A significant requirement in implementing this modification is maintaining backwards compatibility. Therefore, we cannot simply modify the internal representation of Data.

One idea would be to add a new builtin such as the following: unConstrDataArray :: Data -> (Integer, Array Data). However, this builtin will inevitably have linear time complexity since it is based on a list traversal. So it does not actually solve the original problem, unless it can be shown experimentally that, in practice, these lists are usually small enough for the transformation to be negligible.

Path to Active

Acceptance Criteria

  • The feature is implemented according to the implementation plan and merged into the master branch of the plutus repository.
  • cardano-ledger is updated to include new protocol parameters to control costing of the new builtins.
  • The feature is integrated into cardano-node and released as part of a hard fork.

Implementation Plan

The implementation of this CIP should not proceed without an empirical assessment of the effectiveness of the new primitives, as per the following plan:

  1. Implement the new primitives according to the specification, including the experimental versions discussed in the CIP.
  2. Assign a preliminary cost to the new builtin functions. Consider similar operations and their current costs.
  3. Create variants of the existing benchmarks and potentially add some more.
  4. From the total set of newly implemented builtins, find a minimal but practical set of primitives which are indeed significantly faster in both real-time performance and modelled costs.
  5. If such a set does not exist, find out why. This means that the preliminary investigation was not successful. If it does, revise the specification to include the final set of primitives.
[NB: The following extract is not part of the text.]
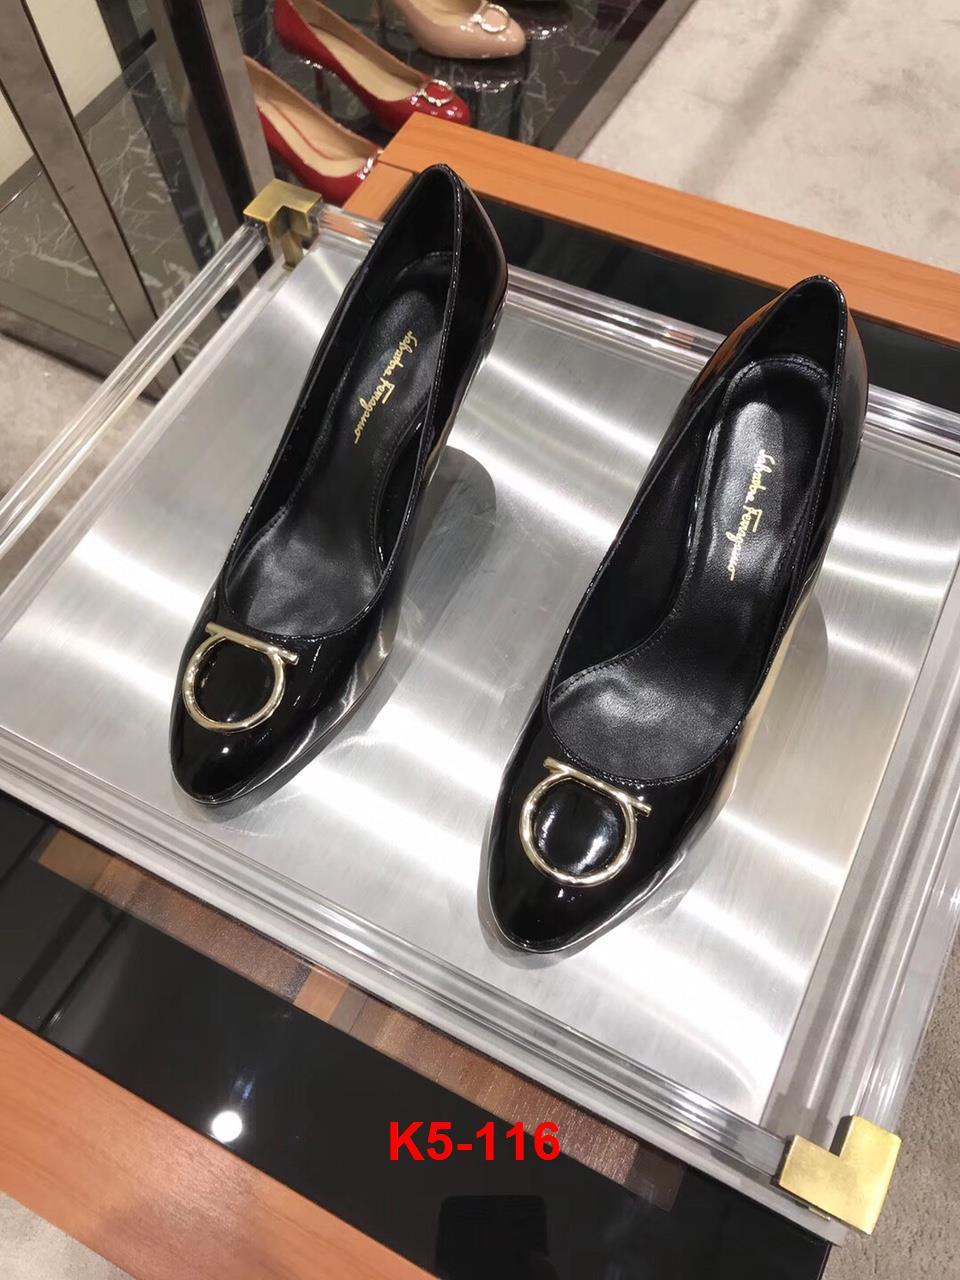 K5-116 Salvatore Ferragamo giày cao 7cm siêu cấp
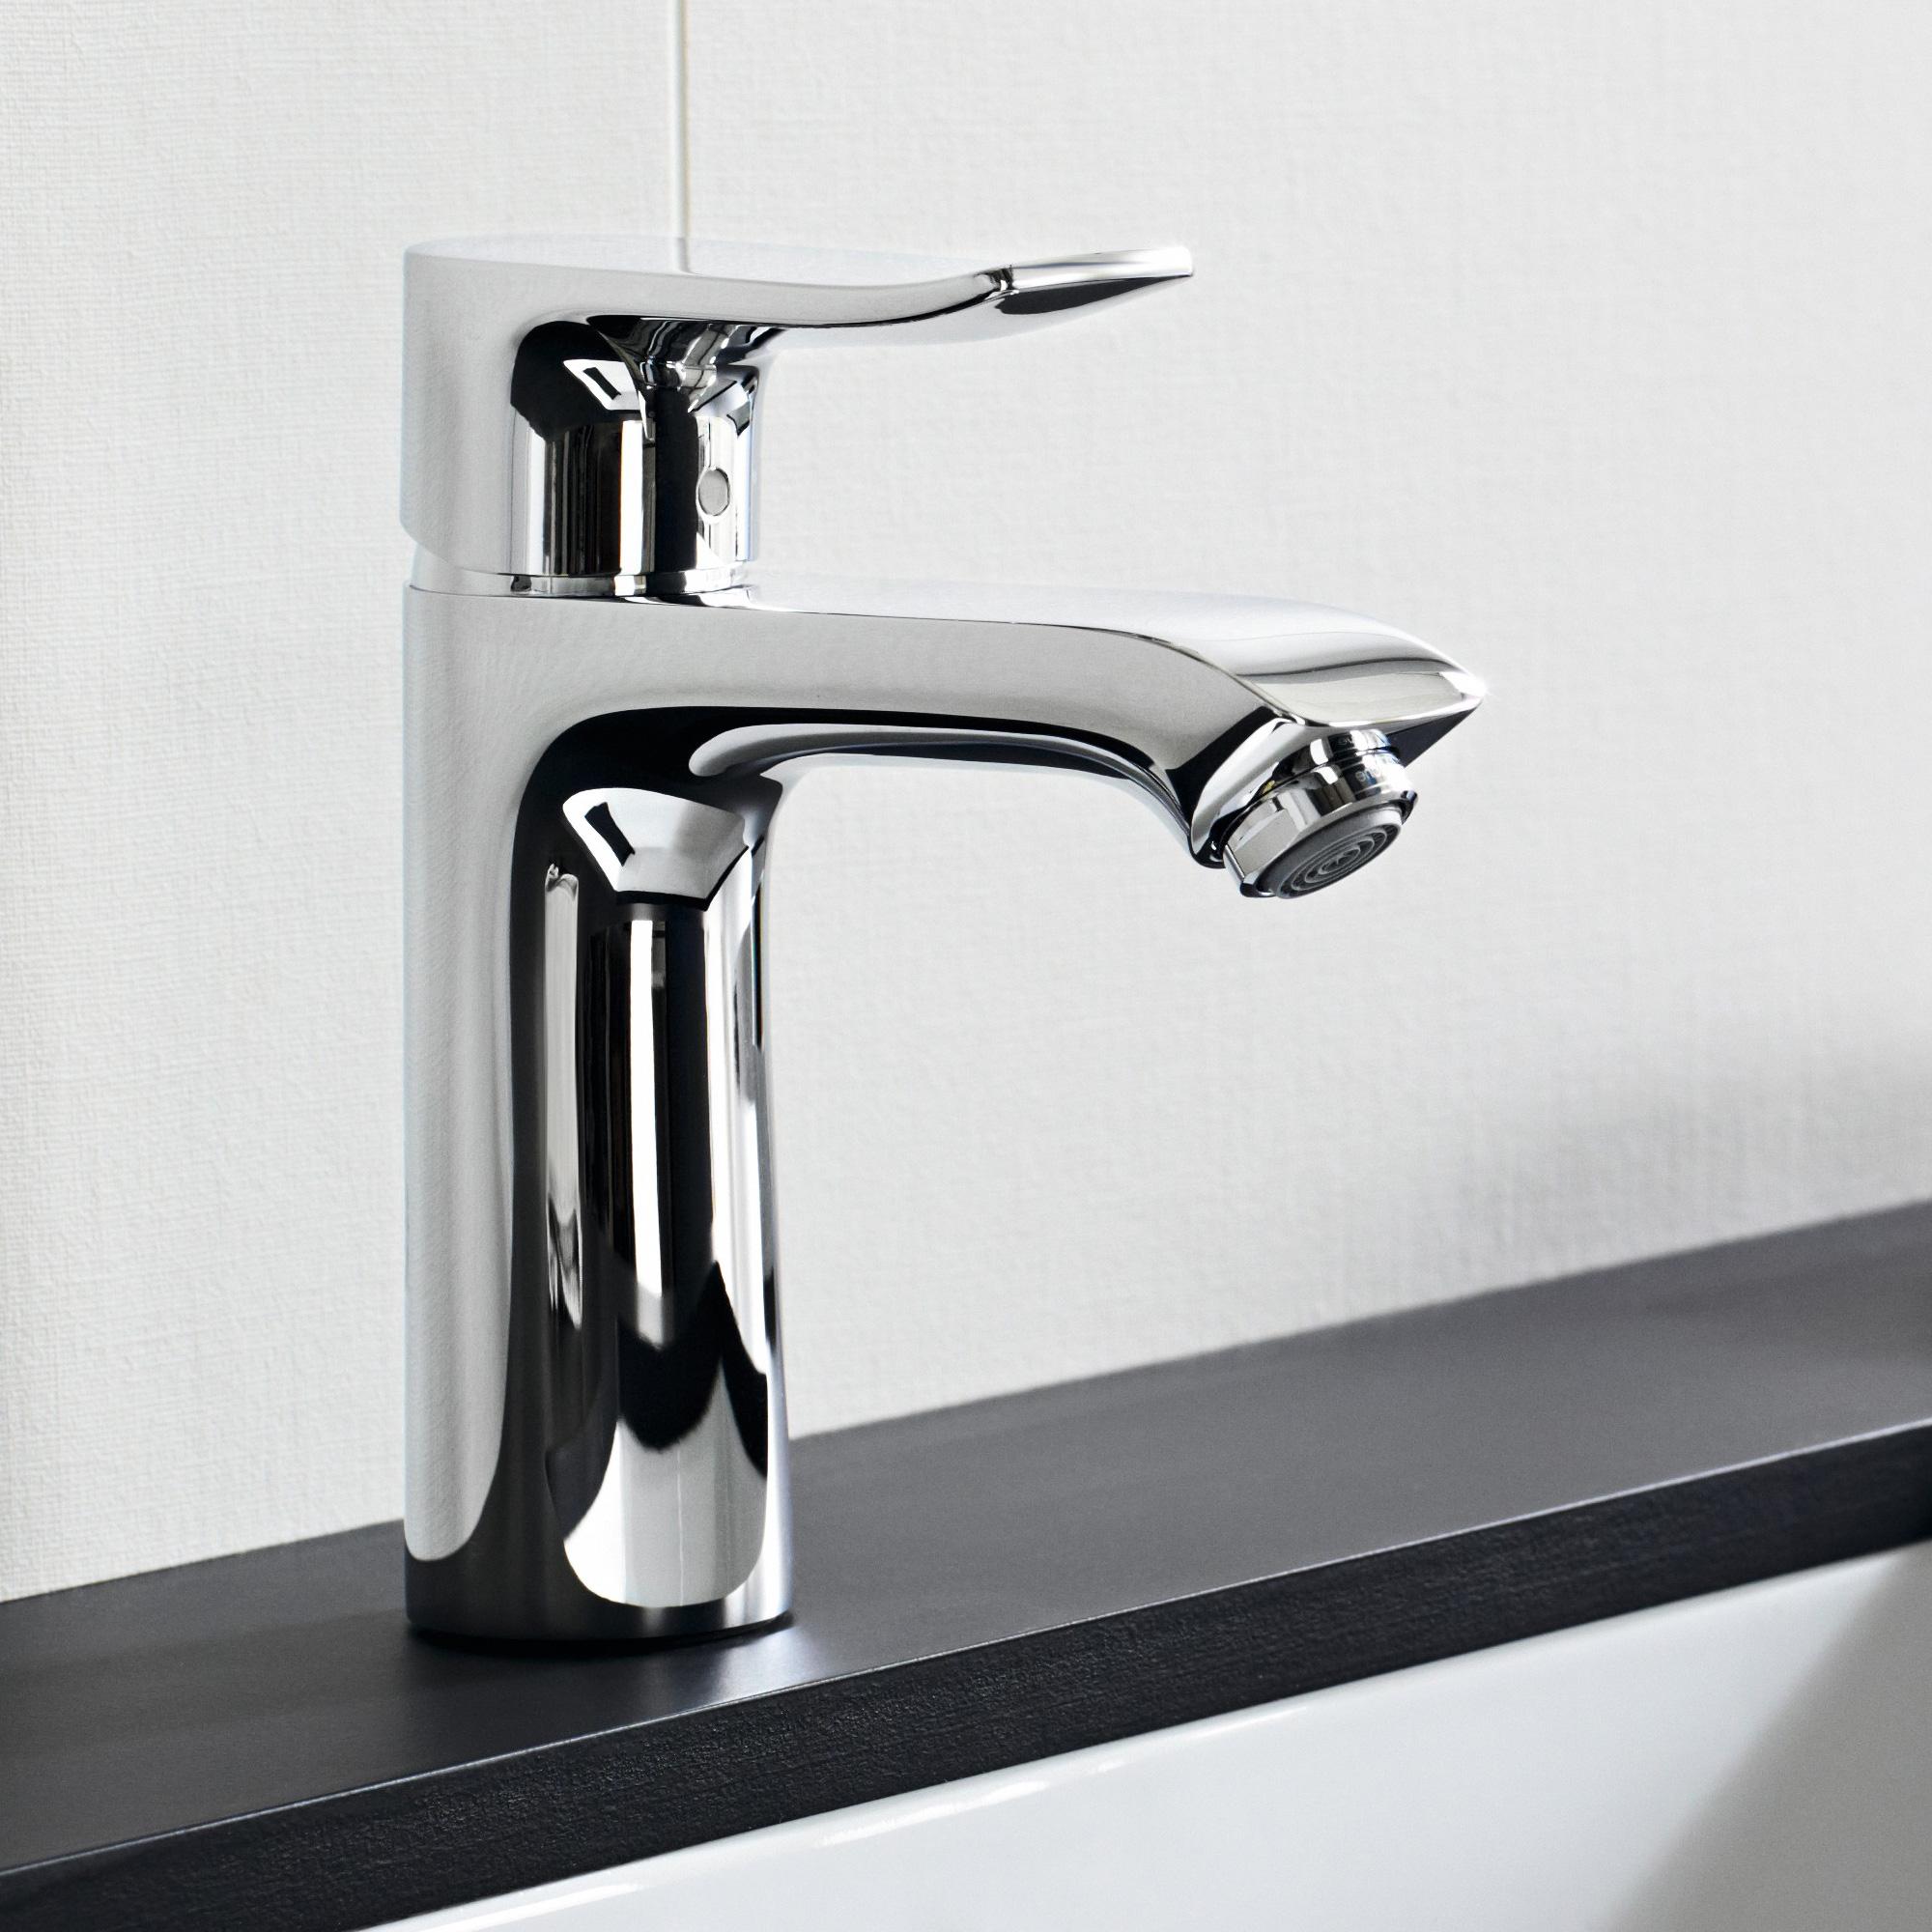 hansgrohe metris einhebel waschtischmischer 110 lowflow mit ablaufgarnitur 31203000 reuter. Black Bedroom Furniture Sets. Home Design Ideas

If the preliminary performance investigation was not successful, this CIP should be revised according to the findings of the experiment. Otherwise, the implementation can proceed:

  1. Determine the most appropriate costing functions for modelling the builtin's performance and assign costs accordingly.
  2. Add the new builtin type and functions to the appropriate sections in the Plutus Core Specification.
  3. Formalize the new builtin type and functions in the plutus-metatheory.
  4. The final version of the feature is ready to be merged into plutus and accepted by the Plutus Core team.

This CIP is licensed under CC-BY-4.0.